PROBLEM TO SOLVE ▸ Output nothing but the lines from the one holding "Dr Batras Instant" to the end of the listing. Reproduce them exactly, without the pictures.

DATA EXTRACT section start

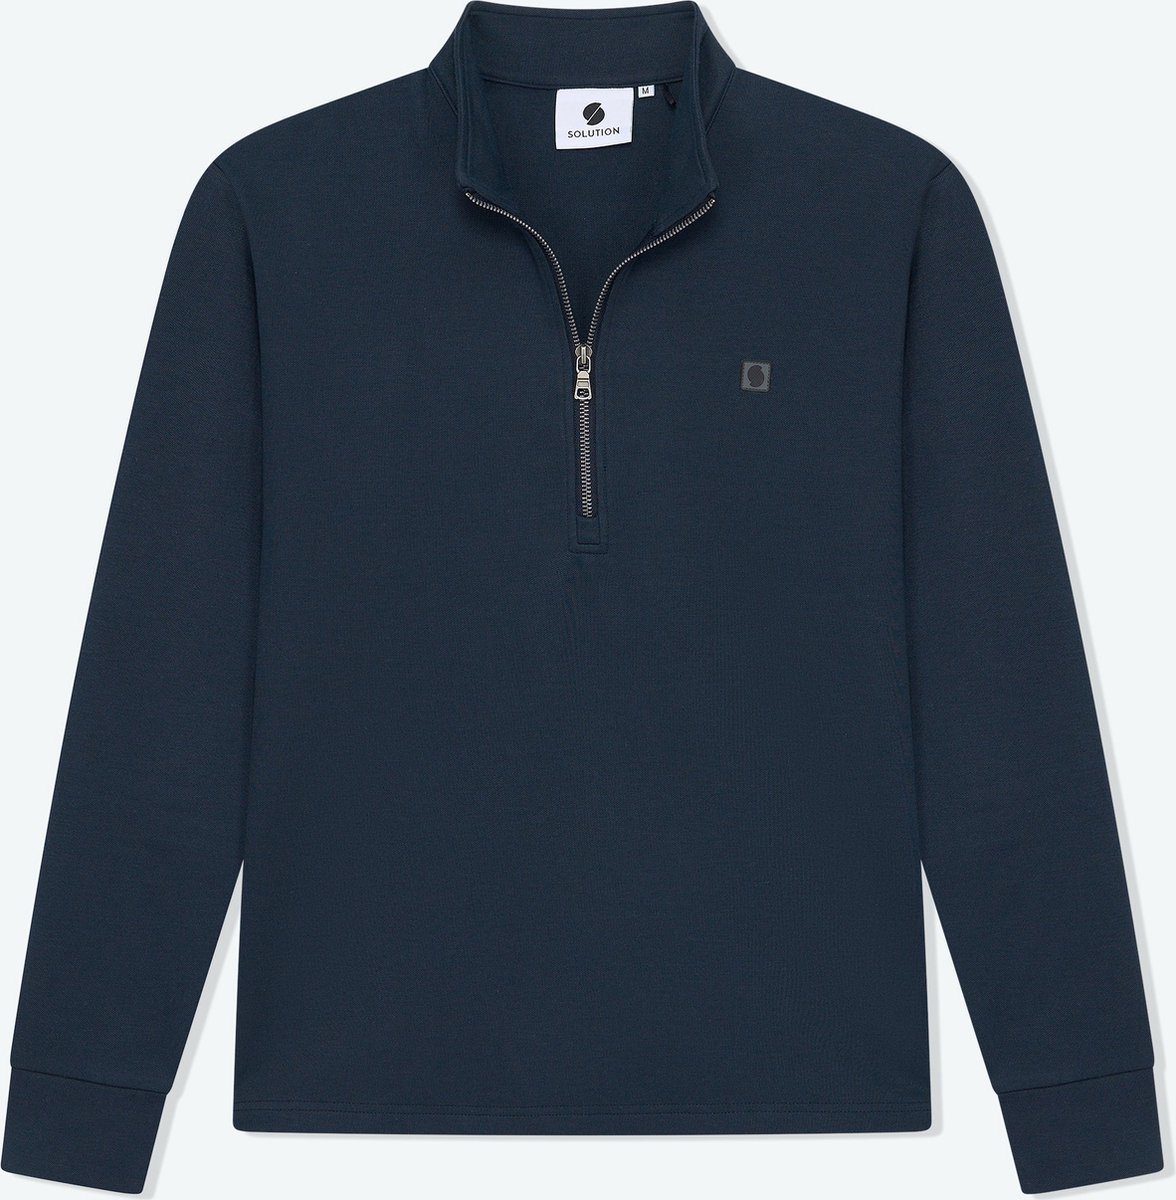 Zipper sweater Salvador Navy - L - Solution Clothing
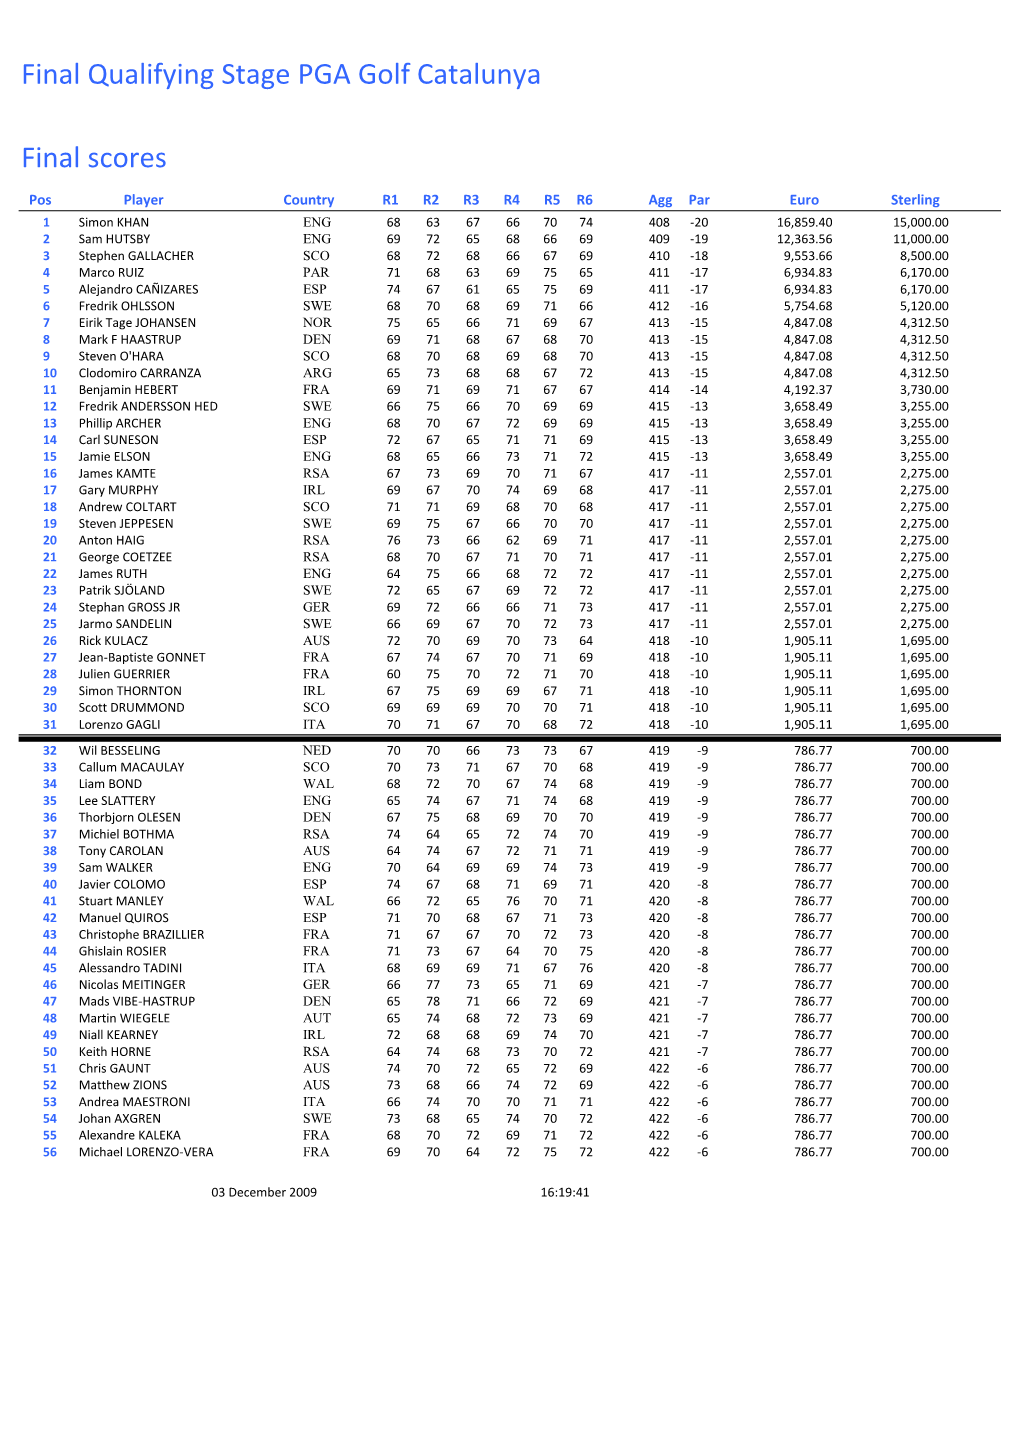 Final Qualifying Stage PGA Golf Catalunya Final Scores
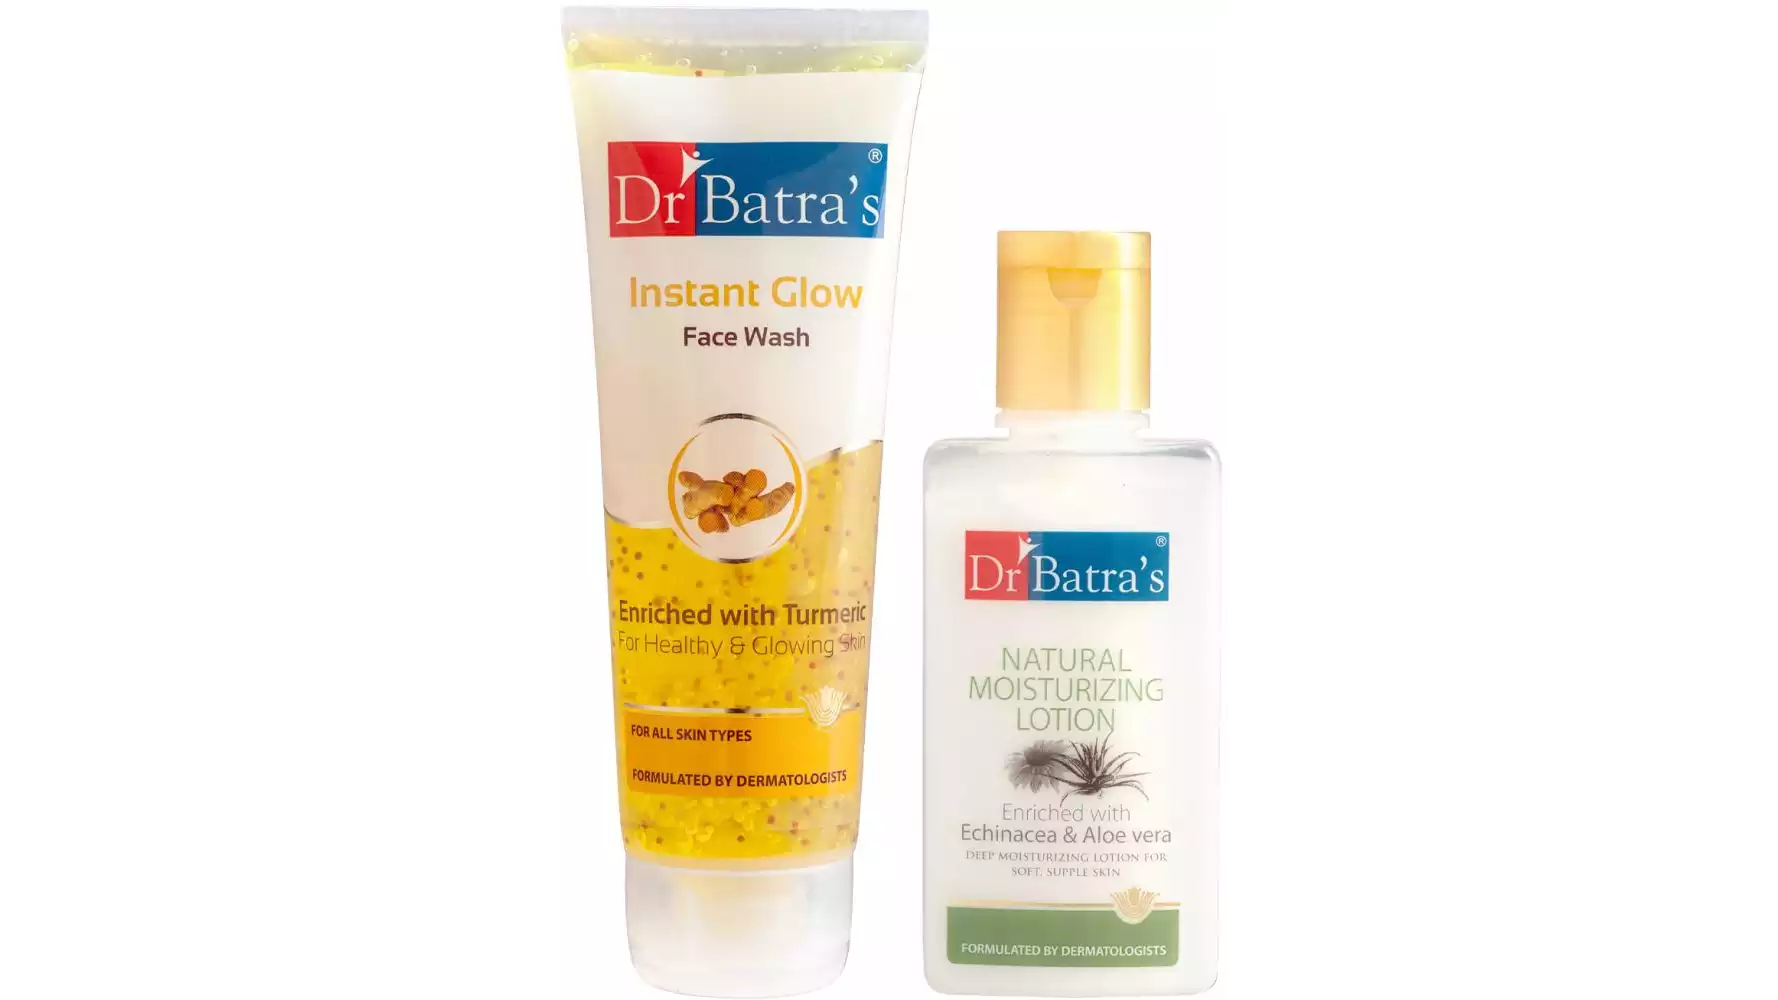 Dr Batras Instant Glow Facewash & Natural Moisturizing Lotion Combo (1Pack)
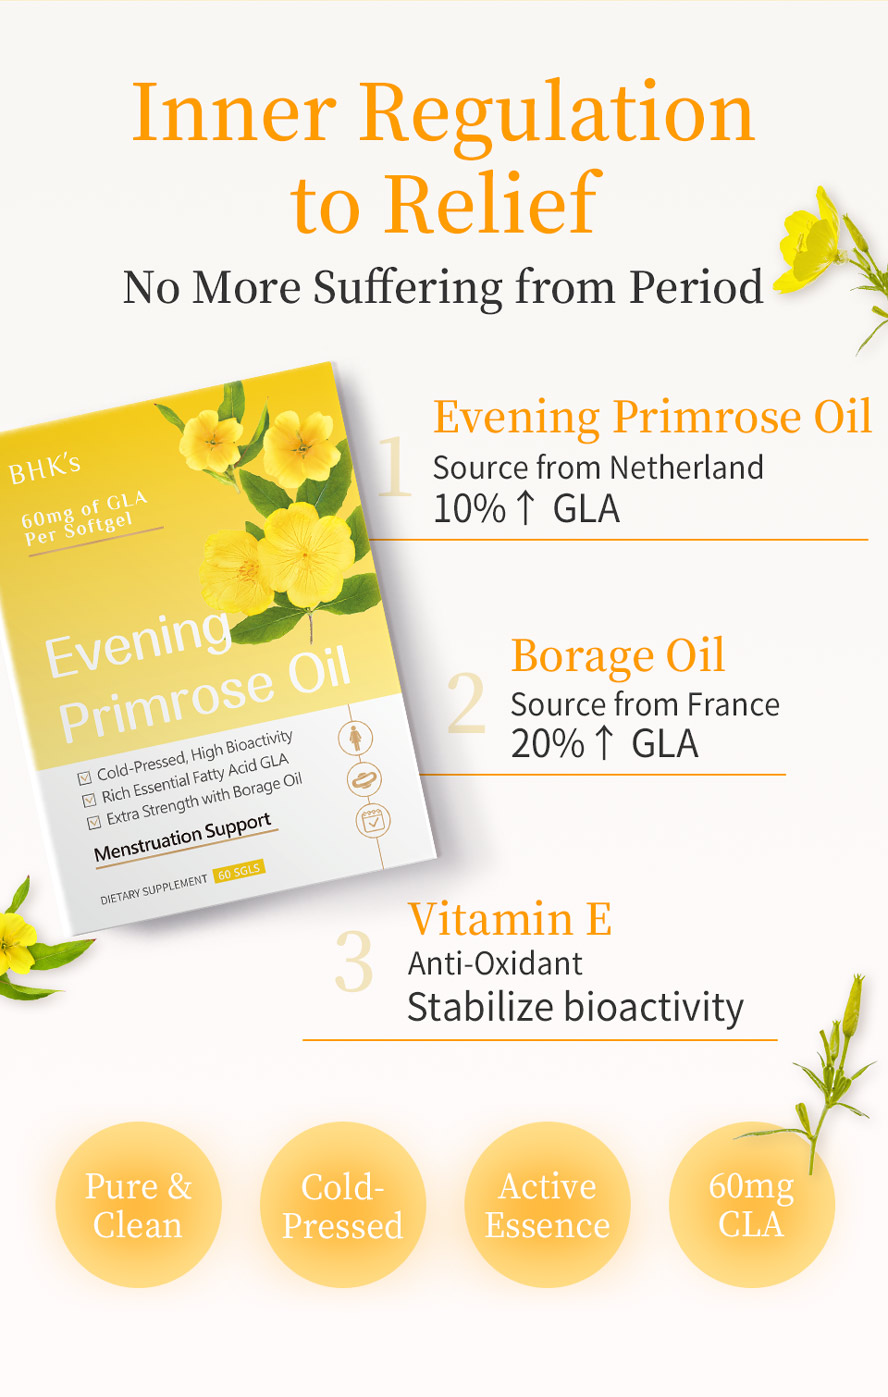 BHK's EveningPrimrose provide nutritients like Evening Primrose Oil, Borage Oil, and Vitamin E

DATA EXTRACT section end

ANSWER TO THE EXERCISE ▸
 Dr Batras Instant Glow Facewash & Natural Moisturizing Lotion Combo (1Pack)
 BHK's EveningPrimrose provide nutritients like Evening Primrose Oil, Borage Oil, and Vitamin E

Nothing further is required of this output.